ECLI:NL:TGZRGRO:2010:YG0645 Regionaal Tuchtcollege voor de Gezondheidszorg Groningen G2010/09

ECLI: ECLI:NL:TGZRGRO:2010:YG0645
Datum uitspraak: 02-11-2010
Datum publicatie: 08-11-2010
Zaaknummer(s): G2010/09
Onderwerp: Geen of onvoldoende zorg
Beslissingen: Gegrond, berisping
Inhoudsindicatie:  

Rep.nr. G 2010/09

2 november 2010

REGIONAAL TUCHTCOLLEGE VOOR DE GEZONDHEIDSZORG

TE GRONINGEN

Het College heeft het volgende overwogen en beslist over de op 27 januari 2010 binnengekomen klacht van:

A,

wonende te B,

in haar hoedanigheid van curator over,

C,

klaagster,

gemachtigde: mr. F.J.Knoops,

tegen

D,

wonende te E,

psychiater,

verweerder,

BIG reg. nr: ,

gemachtigde: mr. M.R. Gans.

1.     Verloop van de procedure

Het College heeft kennisgenomen van het dossier waarin zich onder meer bevinden:

- het klaagschrift van 26 januari 2010, ingekomen op 27 januari 2010,

- brief van verweerder van 9 maart 2010, ingekomen op 10 maart 2010,

- de repliek van 11 mei 2010, ingekomen op 10 maart 2010,

- het verweerschrift/dupliek, ingekomen op 22 juni 2010,

- de dupliek van 21 juni 2010, ingekomen op 22 juni 2010.

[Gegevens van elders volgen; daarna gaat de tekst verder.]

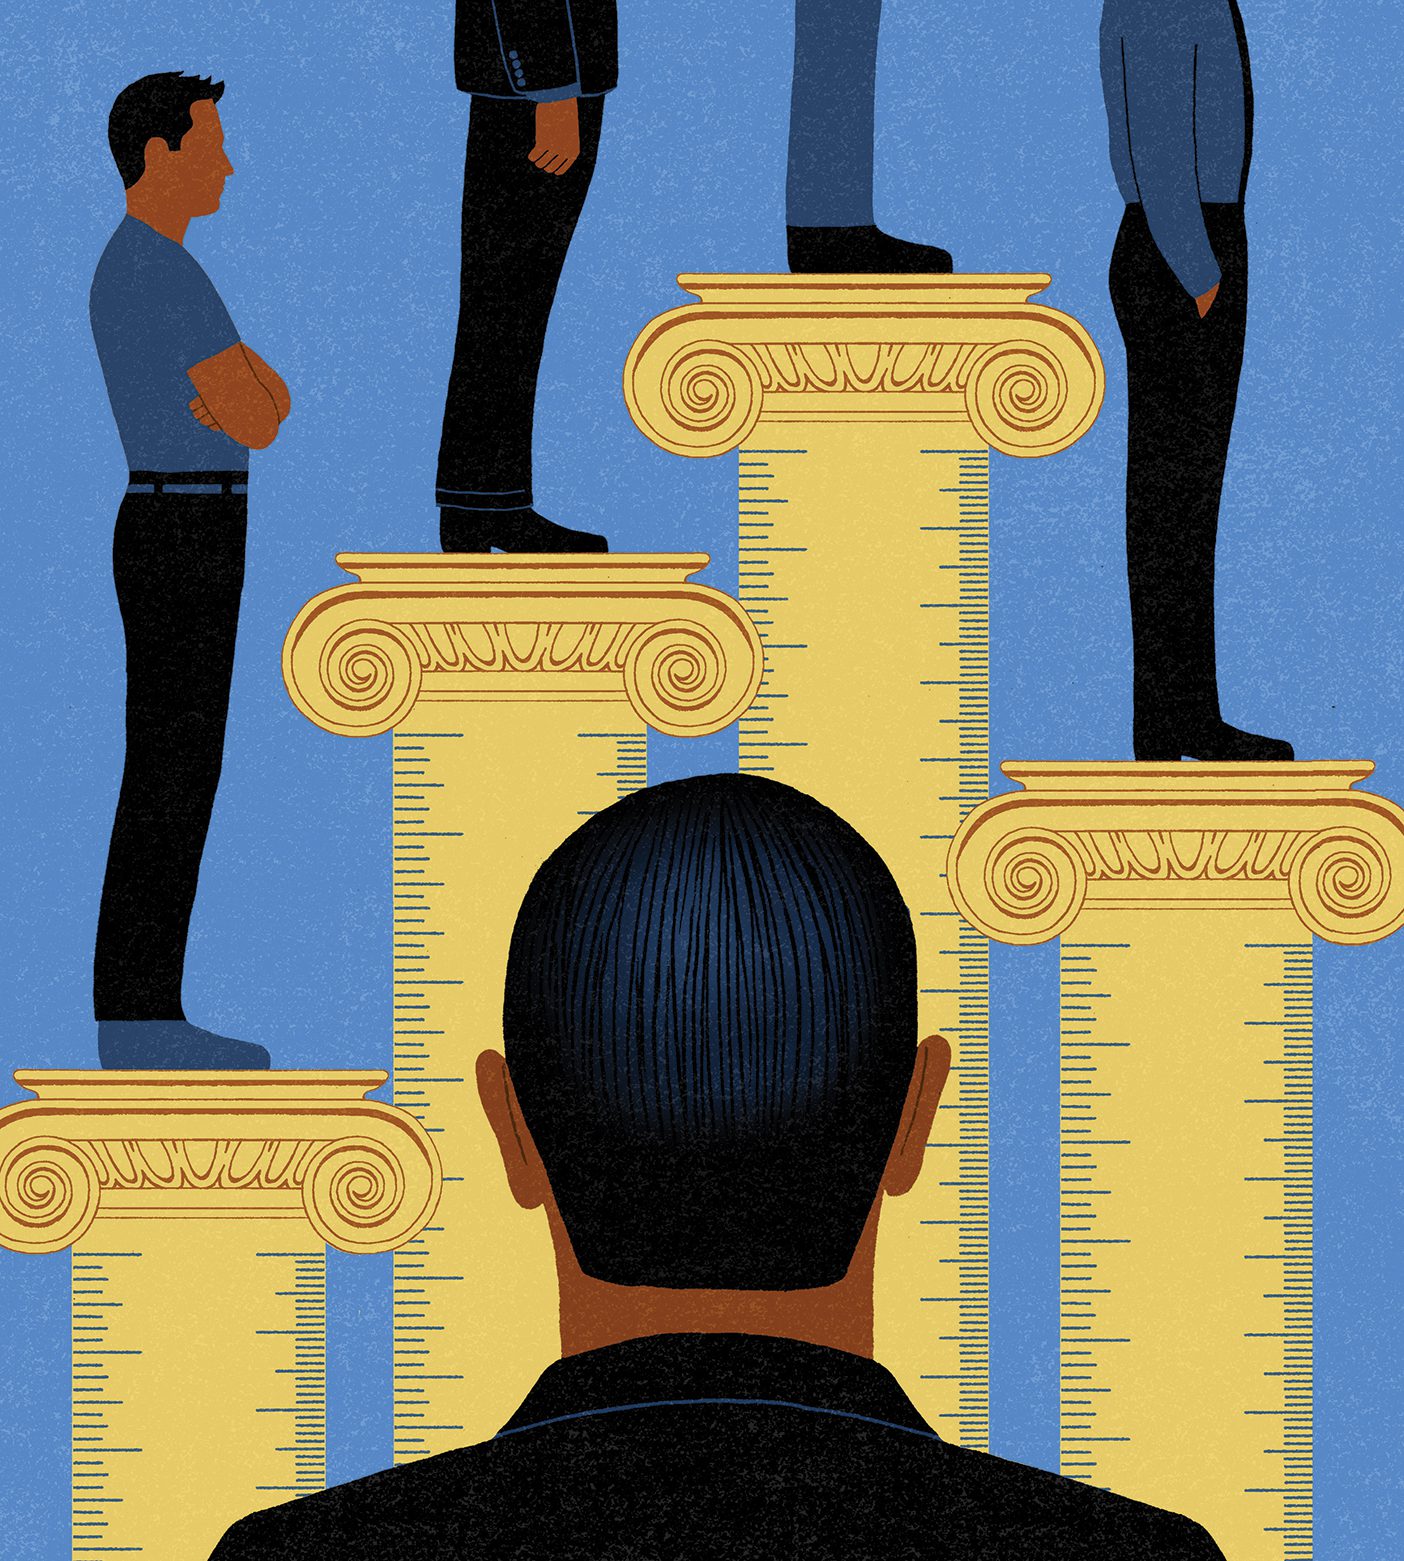 Illustration of men standing on columns of different heights that are decorated with ruler markings. The back of a man's head is in the foreground.

Partijen hebben geen gebruik willen maken van het recht in vooronderzoek te worden gehoord, ofschoon zij daartoe in de gelegenheid zijn gesteld. De voorzitter heeft geen aanleiding gezien voor het ambtshalve horen in het vooronderzoek en de zaak naar de terechtzitting verwezen.

De klacht is behandeld ter openbare terechtzitting van 7 september 2010. Verschenen zijn klaagster bijgestaan door haar gemachtigde, alsmede verweerder bijgestaan door zijn gemachtigde, beiden hebben een pleitnota overgelegd. Van de behandeling ter zitting is proces-verbaal opgemaakt.

2.    Vaststaande feiten, voor zover van belang

Voor de beoordeling van de klacht gaat het college uit van de volgende feiten die tussen partijen als niet of onvoldoende betwist vaststaan.

2.1

Klaagster is curator van C, haar broer, verder te noemen C, die lijdt aan een autistische stoornis. Na eerdere opname en behandeling elders, verbleef C sinds medio 1994 in de Woon Werkgemeenschap voor mensen met Autisme (WWA) in E. Op 25 oktober 2007 werd hij opgenomen in F, een gesloten afdeling van G te E.

2.2

Verweerder was, na de opname van C in F op 25 oktober 2007, hoofdbehandelaar en verantwoordelijk voor de te verlenen zorg.

C werd na opname in F gesepareerd door plaatsing in de separeerruimte. Van de separaties werd een melding gedaan aan de inspectie conform het bepaalde in art. 39 Wet Bijzondere Opnemingen in Psychiatrische Ziekenhuizen (hierna BOPZ). Er is samen met de betrokken behandelaars vanuit de WWA gekeken naar een mogelijke overplaatsing naar een andere instelling.

2.3

Uiteindelijk is op 8 februari 2008 besloten C aan te melden voor een plek bij H van I. Op 3 maart 2008 is C overgeplaatst naar afdeling J, eveneens te E.

2.4

Op 13 maart 2008 is door de rechtbank Assen op grond van artikel 2 BOPZ een voorlopige machtiging verleend voor de duur van zes maanden.

2.5

Op 20 maart 2008 is C overgeplaatst naar I. Vanaf het moment waarop de zorg werd overgenomen door de behandelaars verbonden aan I, was verweerder geen hoofdbehandelaar meer.

3. De klacht

De klacht komt er –verkort weergegeven- op neer dat verweerder heeft gehandeld in strijd met artikel 47 lid 1 van de Wet op de Beroepen Individuele Gezondheidszorg (hierna Wet BIG), door niet de zorg te betrachten die hij in zijn hoedanigheid van psychiater had behoren te betrachten. Verweerder stond iedere adequate en passende vorm van behandeling in de weg. Hij heeft C daarenboven ongeoorloofd gesepareerd en geïsoleerd. Verweerder heeft ten slotte niet voldaan aan de op hem rustende informatie- en dossierplicht.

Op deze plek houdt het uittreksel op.